Objetos usados por personagens podem simbolizar o caráter, a disposição ou sua forma de viver. Assim, a bengala usada por Esteban pode ser vista como símbolo do poder e da dominação que ele queria exercer sobre todos. As chaves que Férula usava penduradas na cintura e seu tilintar permanente podem ser vistos como seu desejo de presença, nem sempre pertinente, nos quatro cantos da casa, bem como, de entrada livre em todos os assuntos da família.
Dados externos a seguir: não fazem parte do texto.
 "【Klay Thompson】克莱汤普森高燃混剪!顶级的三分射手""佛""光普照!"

Conclui-se que Bille August empobreceu a abordagem do fantástico que o livro alcança, descontextualizou o espaço da história, mas manteve seu núcleo central e seu conteúdo político (ainda que diluído), conforme prometera à Isabel Allende, e conseguiu realizar um filme de qualidade que encanta o público.

 

Bibliografia

ALBAIGÉS OLIVART, José M. Diccionario de nombres de personas. Barcelona: Universitat de Barcelona, 1989.

ALLENDE, Isabel. La casa de los espíritus. Barcelona: Plaza & Janés editores, 1955.
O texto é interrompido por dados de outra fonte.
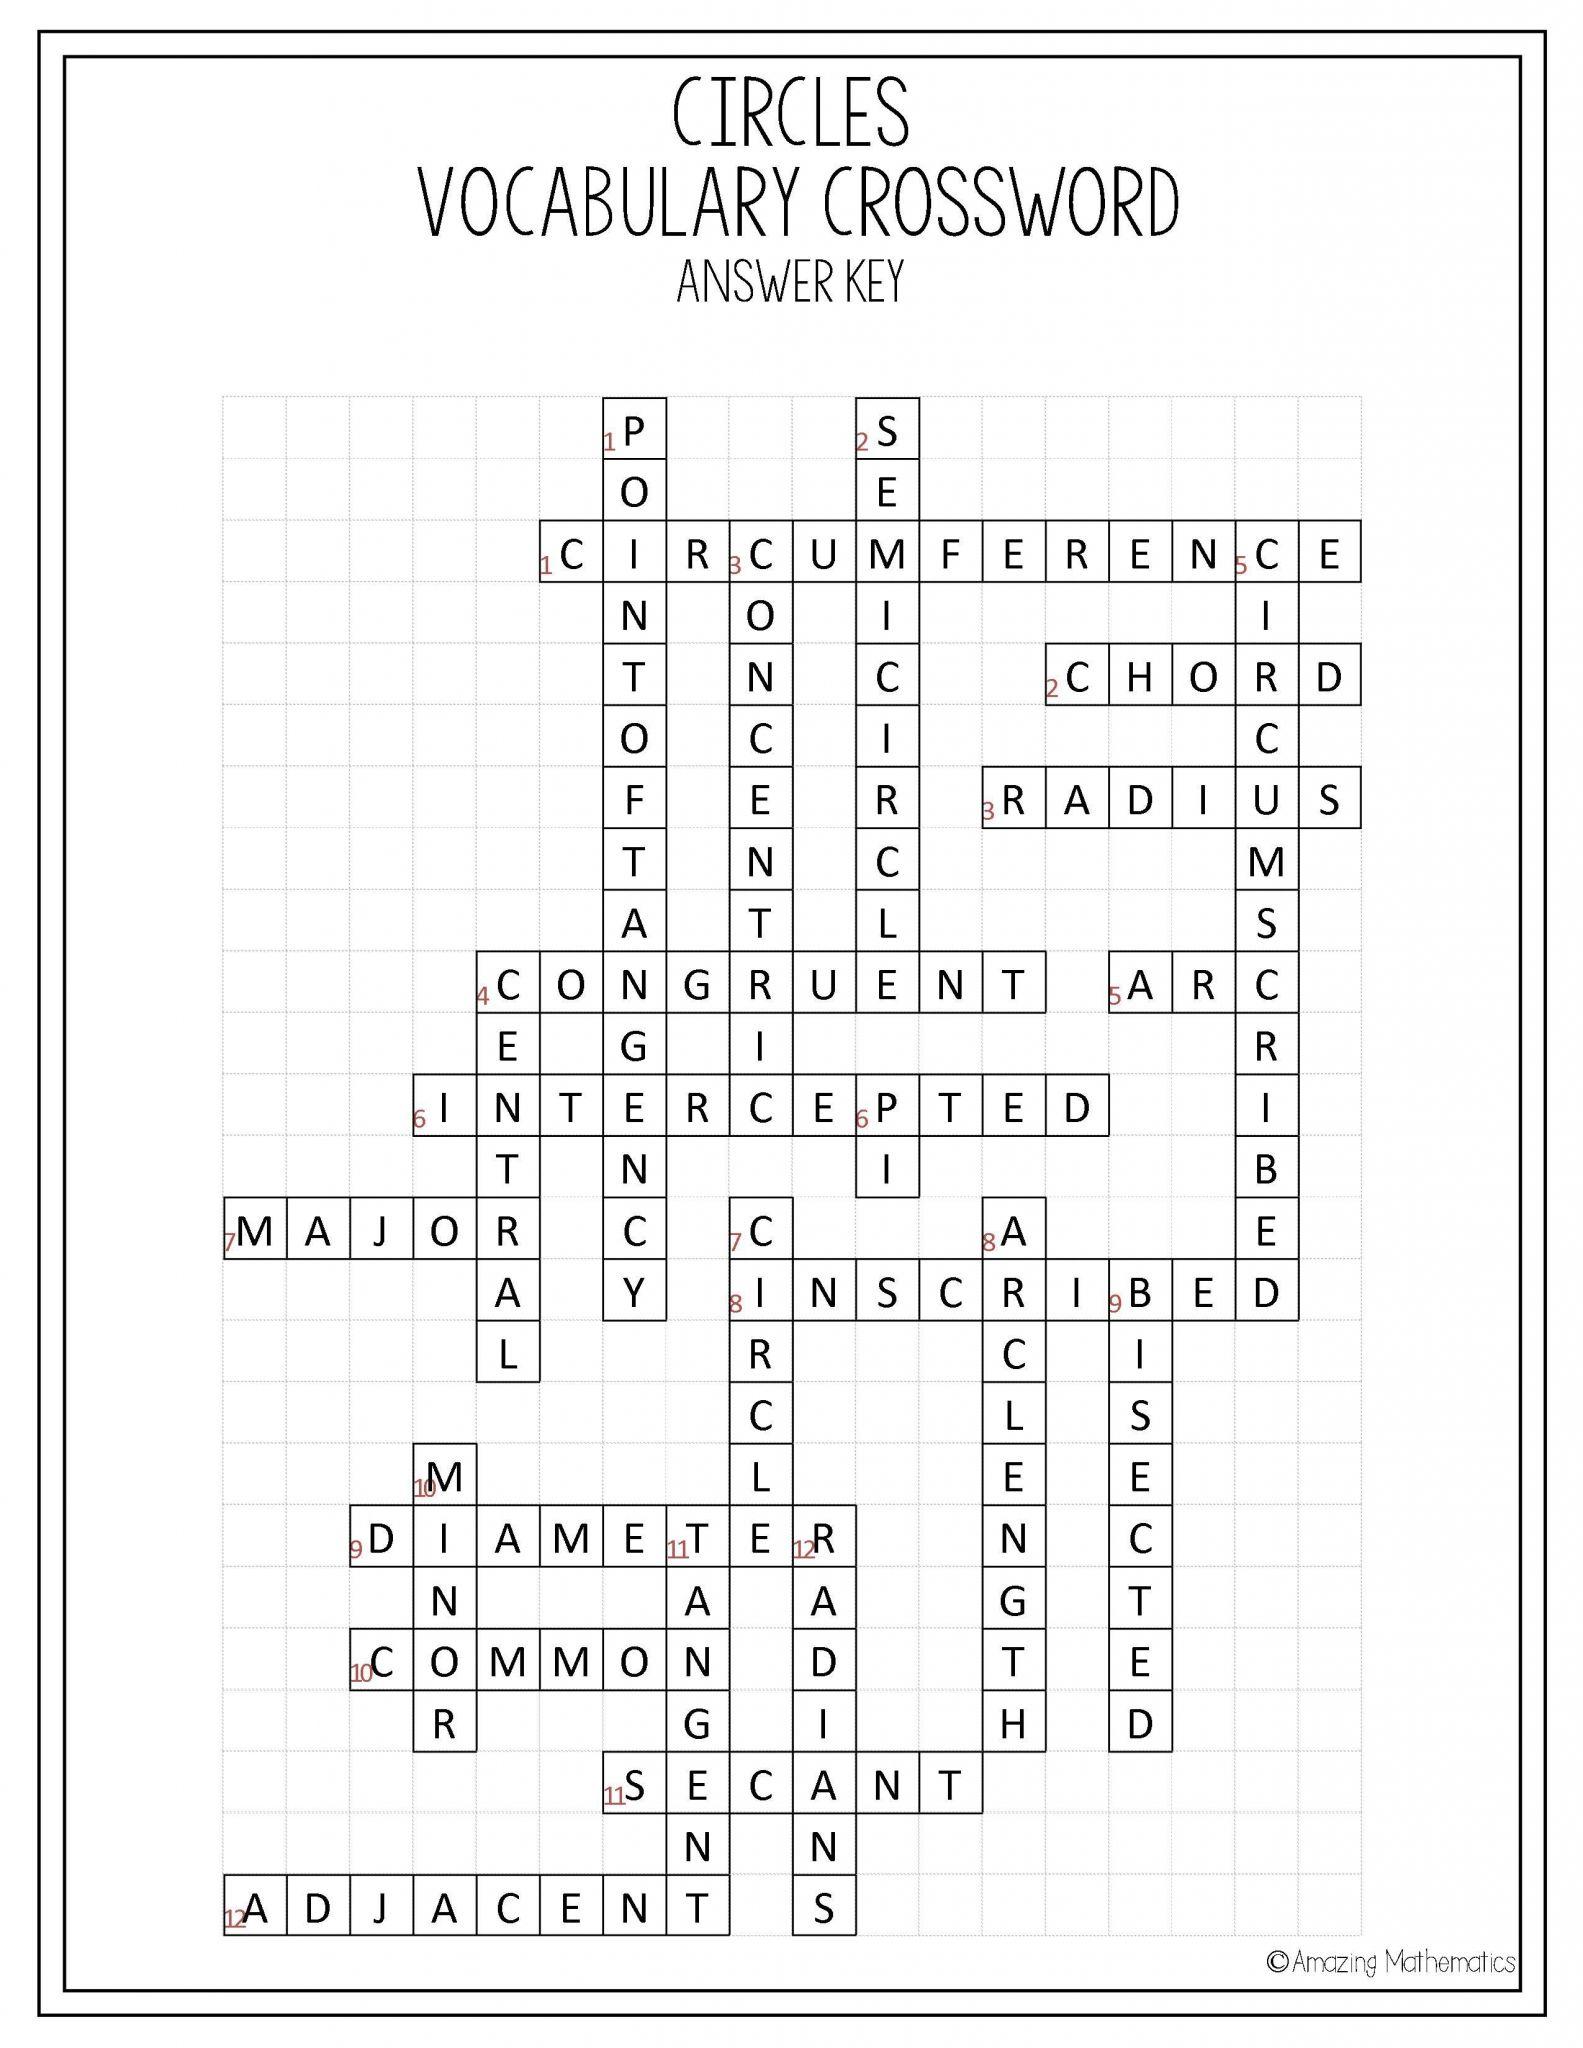 Geometry Cpctc Worksheet Answers Key

BARRENECHEA, Ana Maria. La literatura fantástica: función de los códigos socioculturales en la construcción de un género. In: El espacio crítico en el discurso literario. Buenos Aires: Kapeluz, 1985.

CIRLOT, Juan Eduardo. Diccionario de símbolos. Madrid: NCL, 1985.

ECO, Humberto. Como analizar un film. Barcelona: Instrumentos Paidós, 1971.

FOLHA DE SÃO PAULO. São Paulo: 03/06/93.

VAN DEN BOR, A. Dicionário Enciclopédico Bíblico. Petrópolis: Vozes, 1985. 

VAX, Louis: Arte e literatura. Buenos Aires: Eudeba/ Lectores, 1973.